(Collection entries)

_ _ _ _

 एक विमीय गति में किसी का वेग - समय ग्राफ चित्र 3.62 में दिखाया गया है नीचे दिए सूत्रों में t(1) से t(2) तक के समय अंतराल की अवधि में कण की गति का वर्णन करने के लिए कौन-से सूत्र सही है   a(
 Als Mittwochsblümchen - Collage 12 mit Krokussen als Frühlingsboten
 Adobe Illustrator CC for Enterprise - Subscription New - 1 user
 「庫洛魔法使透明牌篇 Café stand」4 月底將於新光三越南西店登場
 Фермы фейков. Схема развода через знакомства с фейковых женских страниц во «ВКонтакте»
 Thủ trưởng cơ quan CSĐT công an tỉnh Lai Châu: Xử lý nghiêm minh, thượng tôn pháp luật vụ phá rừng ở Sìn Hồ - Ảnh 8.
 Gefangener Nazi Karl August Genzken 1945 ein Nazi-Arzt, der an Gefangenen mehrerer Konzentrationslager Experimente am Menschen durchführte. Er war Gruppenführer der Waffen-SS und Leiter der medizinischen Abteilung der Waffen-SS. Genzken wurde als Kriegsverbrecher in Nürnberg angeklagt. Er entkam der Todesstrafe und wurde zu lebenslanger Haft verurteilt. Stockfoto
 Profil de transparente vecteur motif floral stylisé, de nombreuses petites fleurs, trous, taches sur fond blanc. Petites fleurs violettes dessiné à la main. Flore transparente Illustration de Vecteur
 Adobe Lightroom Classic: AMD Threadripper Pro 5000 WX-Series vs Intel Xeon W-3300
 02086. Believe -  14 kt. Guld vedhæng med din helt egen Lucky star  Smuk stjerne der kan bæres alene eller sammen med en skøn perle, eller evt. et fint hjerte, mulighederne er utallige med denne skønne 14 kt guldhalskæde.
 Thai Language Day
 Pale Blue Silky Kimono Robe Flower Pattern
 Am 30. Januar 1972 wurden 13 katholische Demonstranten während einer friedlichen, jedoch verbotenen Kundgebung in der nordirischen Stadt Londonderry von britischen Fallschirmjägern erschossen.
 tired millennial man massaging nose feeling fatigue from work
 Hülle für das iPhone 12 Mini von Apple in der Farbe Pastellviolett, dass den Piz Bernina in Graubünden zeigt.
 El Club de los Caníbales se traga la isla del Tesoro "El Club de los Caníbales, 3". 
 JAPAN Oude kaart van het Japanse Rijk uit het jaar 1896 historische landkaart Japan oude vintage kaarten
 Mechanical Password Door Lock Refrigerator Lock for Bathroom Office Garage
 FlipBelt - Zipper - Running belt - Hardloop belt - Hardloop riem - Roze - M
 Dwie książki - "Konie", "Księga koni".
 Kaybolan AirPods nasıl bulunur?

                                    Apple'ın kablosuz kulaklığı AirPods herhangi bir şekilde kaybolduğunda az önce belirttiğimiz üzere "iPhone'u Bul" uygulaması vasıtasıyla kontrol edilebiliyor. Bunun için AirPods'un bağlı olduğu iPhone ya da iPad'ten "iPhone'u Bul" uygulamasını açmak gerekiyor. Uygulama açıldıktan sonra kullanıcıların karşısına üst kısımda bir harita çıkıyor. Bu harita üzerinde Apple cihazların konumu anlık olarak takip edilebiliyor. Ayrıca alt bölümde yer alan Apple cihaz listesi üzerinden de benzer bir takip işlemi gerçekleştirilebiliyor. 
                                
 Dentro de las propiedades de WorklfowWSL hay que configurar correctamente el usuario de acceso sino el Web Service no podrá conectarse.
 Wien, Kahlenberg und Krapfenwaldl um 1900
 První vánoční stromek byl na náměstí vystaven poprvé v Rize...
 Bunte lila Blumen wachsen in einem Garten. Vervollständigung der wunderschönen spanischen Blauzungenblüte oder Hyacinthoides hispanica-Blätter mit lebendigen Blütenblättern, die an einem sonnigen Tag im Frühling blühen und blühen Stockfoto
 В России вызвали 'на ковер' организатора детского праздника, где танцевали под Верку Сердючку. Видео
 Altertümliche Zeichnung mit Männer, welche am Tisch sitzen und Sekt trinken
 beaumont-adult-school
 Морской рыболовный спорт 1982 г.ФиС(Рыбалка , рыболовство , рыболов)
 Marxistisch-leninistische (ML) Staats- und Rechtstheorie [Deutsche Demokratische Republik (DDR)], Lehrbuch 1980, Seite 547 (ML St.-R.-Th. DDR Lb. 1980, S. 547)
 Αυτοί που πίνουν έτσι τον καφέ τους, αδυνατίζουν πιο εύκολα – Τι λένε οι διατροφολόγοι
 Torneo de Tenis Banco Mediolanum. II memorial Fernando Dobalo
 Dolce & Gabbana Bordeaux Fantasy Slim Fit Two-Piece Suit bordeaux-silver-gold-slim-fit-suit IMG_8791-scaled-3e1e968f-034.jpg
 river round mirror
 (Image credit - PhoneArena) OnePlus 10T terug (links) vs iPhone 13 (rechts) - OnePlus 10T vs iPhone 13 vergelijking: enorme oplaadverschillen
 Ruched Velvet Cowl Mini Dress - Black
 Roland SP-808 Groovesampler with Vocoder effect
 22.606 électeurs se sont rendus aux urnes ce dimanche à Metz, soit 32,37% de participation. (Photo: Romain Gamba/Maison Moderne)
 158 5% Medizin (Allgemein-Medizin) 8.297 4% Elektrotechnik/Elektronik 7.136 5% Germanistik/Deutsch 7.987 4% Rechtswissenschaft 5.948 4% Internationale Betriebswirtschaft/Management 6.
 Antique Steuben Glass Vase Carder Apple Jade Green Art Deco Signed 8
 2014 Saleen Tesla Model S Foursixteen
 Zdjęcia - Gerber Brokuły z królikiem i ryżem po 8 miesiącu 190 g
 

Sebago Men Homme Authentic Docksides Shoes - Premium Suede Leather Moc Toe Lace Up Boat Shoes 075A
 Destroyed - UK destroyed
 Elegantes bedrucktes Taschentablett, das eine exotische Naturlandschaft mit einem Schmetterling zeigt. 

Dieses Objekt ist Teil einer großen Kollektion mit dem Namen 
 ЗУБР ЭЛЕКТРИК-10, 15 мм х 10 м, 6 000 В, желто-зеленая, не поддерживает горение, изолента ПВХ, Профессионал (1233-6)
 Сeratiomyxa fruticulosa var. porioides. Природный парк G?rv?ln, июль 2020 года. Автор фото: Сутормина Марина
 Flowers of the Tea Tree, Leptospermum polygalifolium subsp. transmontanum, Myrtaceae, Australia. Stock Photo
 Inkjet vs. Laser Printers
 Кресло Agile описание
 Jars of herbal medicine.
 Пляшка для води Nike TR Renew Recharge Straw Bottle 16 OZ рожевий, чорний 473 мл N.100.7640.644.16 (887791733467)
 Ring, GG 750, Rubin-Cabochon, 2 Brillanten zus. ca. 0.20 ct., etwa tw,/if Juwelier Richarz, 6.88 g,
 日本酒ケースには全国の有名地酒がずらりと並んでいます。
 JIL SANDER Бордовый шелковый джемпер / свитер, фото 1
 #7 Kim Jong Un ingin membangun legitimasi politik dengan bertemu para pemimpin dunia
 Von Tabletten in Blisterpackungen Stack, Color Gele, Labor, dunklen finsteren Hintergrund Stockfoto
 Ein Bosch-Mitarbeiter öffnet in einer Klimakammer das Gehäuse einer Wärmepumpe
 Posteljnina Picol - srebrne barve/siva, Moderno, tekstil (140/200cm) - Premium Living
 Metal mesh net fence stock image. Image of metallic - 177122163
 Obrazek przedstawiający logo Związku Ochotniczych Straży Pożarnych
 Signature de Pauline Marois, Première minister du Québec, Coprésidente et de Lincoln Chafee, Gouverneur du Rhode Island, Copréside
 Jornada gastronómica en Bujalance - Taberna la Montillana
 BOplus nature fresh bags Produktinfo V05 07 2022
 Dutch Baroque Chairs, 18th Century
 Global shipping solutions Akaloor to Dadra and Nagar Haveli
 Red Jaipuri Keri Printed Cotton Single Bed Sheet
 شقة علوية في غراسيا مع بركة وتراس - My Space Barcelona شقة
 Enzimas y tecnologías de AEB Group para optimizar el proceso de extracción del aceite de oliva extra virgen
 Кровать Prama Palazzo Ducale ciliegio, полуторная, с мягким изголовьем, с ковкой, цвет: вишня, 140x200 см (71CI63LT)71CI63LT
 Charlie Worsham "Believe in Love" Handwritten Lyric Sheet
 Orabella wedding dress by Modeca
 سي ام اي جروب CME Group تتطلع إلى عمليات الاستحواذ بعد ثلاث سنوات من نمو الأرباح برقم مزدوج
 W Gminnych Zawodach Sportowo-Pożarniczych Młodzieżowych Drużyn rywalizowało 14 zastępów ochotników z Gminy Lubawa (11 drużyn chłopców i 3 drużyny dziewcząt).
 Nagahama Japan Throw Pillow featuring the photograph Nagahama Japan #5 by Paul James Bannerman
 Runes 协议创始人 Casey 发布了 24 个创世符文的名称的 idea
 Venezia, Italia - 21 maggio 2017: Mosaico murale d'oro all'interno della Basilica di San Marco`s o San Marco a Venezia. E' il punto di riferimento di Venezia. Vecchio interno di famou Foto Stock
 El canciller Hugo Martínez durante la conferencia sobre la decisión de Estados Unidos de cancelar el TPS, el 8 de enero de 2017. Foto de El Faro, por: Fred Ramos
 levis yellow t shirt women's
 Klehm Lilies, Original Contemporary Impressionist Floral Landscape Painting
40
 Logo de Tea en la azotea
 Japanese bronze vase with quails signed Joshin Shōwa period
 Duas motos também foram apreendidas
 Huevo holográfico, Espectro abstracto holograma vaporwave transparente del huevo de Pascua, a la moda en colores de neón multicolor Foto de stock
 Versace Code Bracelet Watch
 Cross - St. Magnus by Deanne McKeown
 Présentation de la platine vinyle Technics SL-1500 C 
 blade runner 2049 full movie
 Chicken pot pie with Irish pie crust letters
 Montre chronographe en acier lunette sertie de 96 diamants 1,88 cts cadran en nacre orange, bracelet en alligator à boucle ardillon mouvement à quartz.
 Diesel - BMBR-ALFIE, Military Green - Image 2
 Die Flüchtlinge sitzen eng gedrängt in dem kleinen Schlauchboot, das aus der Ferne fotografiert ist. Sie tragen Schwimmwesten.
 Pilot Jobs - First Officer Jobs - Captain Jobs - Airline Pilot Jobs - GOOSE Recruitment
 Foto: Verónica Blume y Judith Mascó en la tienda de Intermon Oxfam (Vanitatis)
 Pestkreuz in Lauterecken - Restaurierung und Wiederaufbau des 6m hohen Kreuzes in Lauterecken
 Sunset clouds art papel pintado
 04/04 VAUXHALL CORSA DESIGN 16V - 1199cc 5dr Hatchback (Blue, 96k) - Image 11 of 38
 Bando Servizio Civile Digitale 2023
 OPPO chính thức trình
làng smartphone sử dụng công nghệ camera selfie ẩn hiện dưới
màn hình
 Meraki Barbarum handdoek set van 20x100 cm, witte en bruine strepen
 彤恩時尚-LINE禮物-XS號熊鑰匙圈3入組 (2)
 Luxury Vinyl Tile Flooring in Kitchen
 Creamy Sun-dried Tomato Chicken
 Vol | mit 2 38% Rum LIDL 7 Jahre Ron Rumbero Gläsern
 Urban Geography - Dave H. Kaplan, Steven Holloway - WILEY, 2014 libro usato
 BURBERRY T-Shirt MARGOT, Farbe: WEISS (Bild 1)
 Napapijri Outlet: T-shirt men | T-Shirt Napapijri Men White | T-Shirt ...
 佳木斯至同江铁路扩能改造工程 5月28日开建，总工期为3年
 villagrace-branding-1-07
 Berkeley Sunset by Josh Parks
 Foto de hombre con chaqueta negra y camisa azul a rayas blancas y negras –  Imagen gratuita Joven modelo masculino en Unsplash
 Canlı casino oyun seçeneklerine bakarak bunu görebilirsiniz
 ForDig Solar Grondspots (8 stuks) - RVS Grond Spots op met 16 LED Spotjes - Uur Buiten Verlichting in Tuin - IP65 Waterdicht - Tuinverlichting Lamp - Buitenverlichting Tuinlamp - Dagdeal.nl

_ _ _ _

### AIM OF THE TASK
Take the entries above and return only the lines from the one with "Chicken pot pie with Irish pie crust letters" to the one with "Diesel - BMBR-ALFIE, Military", both included, unchanged.

### WRITTEN ANSWER
 Chicken pot pie with Irish pie crust letters
 Montre chronographe en acier lunette sertie de 96 diamants 1,88 cts cadran en nacre orange, bracelet en alligator à boucle ardillon mouvement à quartz.
 Diesel - BMBR-ALFIE, Military Green - Image 2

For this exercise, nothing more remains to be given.